Unlearning Sustainability: A Broader Look at Film Production
What does it truly mean to be sustainable in cinema? In this conversation, we will go beyond labels and certifications to challenge common assumptions about sustainable film production. Together with Spanish sustainable film festival director Marta Garcia Larriu, an international leading figure in green film, and Portuguese producer Bruno Moraes Cabral, from Wonder Maria Films, who recently obtained the Green Film certificate, we will explore the broader dimensions of sustainability—environmental, social, and cultural—and open the floor to your questions. This is not about easy answers, but about rethinking how stories are made and the impact they leave behind.
Open to all accredited festival participants.
Speakers: Marta García Larriu and Bruno Moraes Cabral
Marta García Larriu is the founder of Another Way, an association that promotes new perspectives and narratives for a sustainable future. Through it, she informs, educates, and raises awareness about the climate crisis and other challenges aligned with the Sustainable Development Goals. She leads the Another Way Film Festival on sustainable progress, alongside film cycles, training in green audiovisual production, and narrative-shifting projects. An economist by training, Marta has over fifteen years of experience as an independent producer (“Madre”, Goya winner, Oscar nominee), working with directors like Costa-Gavras and Gilles Paquet-Brenner.

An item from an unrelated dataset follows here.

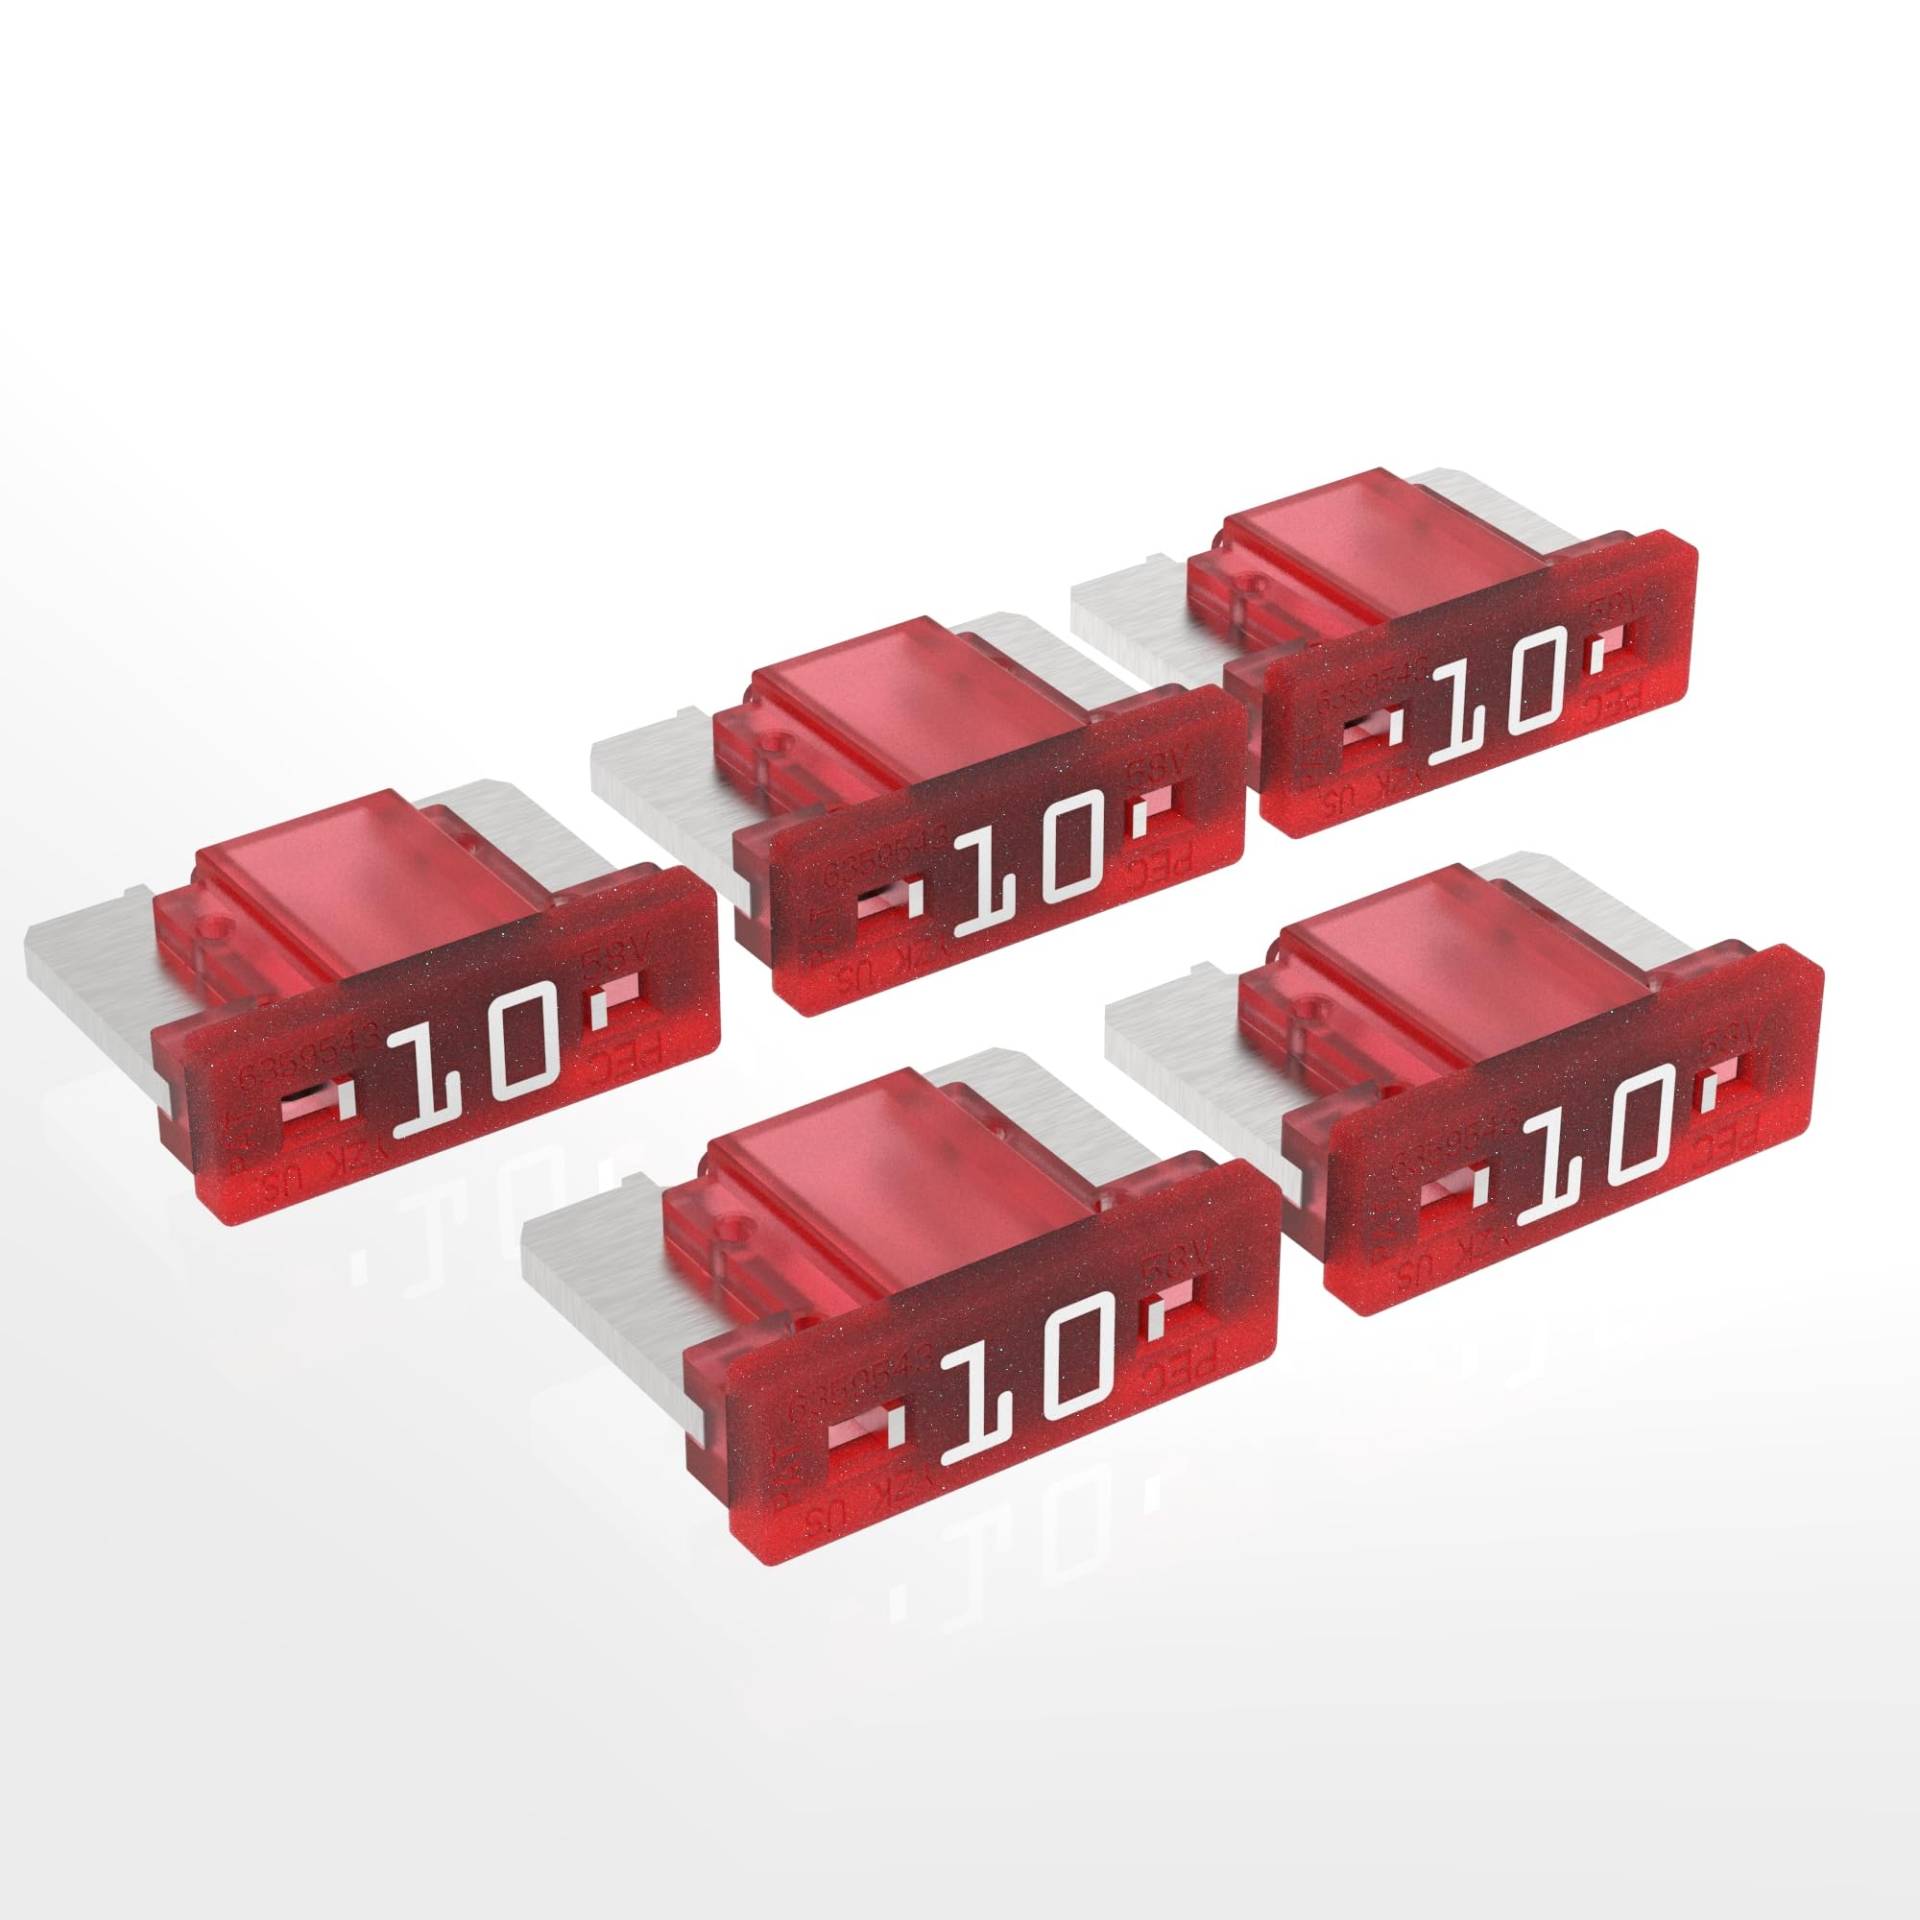 AUPROTEC Mini LP Kfz Sicherungen Flachstecksicherungen 2A - 30A Auswahl: 10A Ampere rot, 5 Stück von AUPROTEC

She has lived in NY, Buenos Aires, and Panama, and writes and speaks on cinema and sustainability.
Bruno Moraes Cabral founded Garden Films in 2011, where he produced and directed educational, institutional, and documentary films. Among others, he produced the award-winning documentary “Praxis”, historical series for RTP, and Claudio Carbone's “Hasta que Muera el Sol”, which screened at more than 40 international festivals. In 2020, he founded Wonder Maria Filmes with Andréia Nunes, Fernanda Polacow, and João Nuno Pinto, where he also develops fiction projects, with a special focus on Brazil and Africa. He produced “Big Bang Henda”, by Fernanda Polacow, “As Fado Bicha” by Justine Lemahieu, the “Porta Premium” series by Tota Alves for RTP, among others. João Nuno Pinto's feature film “18 Buracos Para o Paraíso” (18 Holes to Paradise) is the first Portuguese project to be certified Green Film, premiering this year in Thessaloniki and Mar del Plata.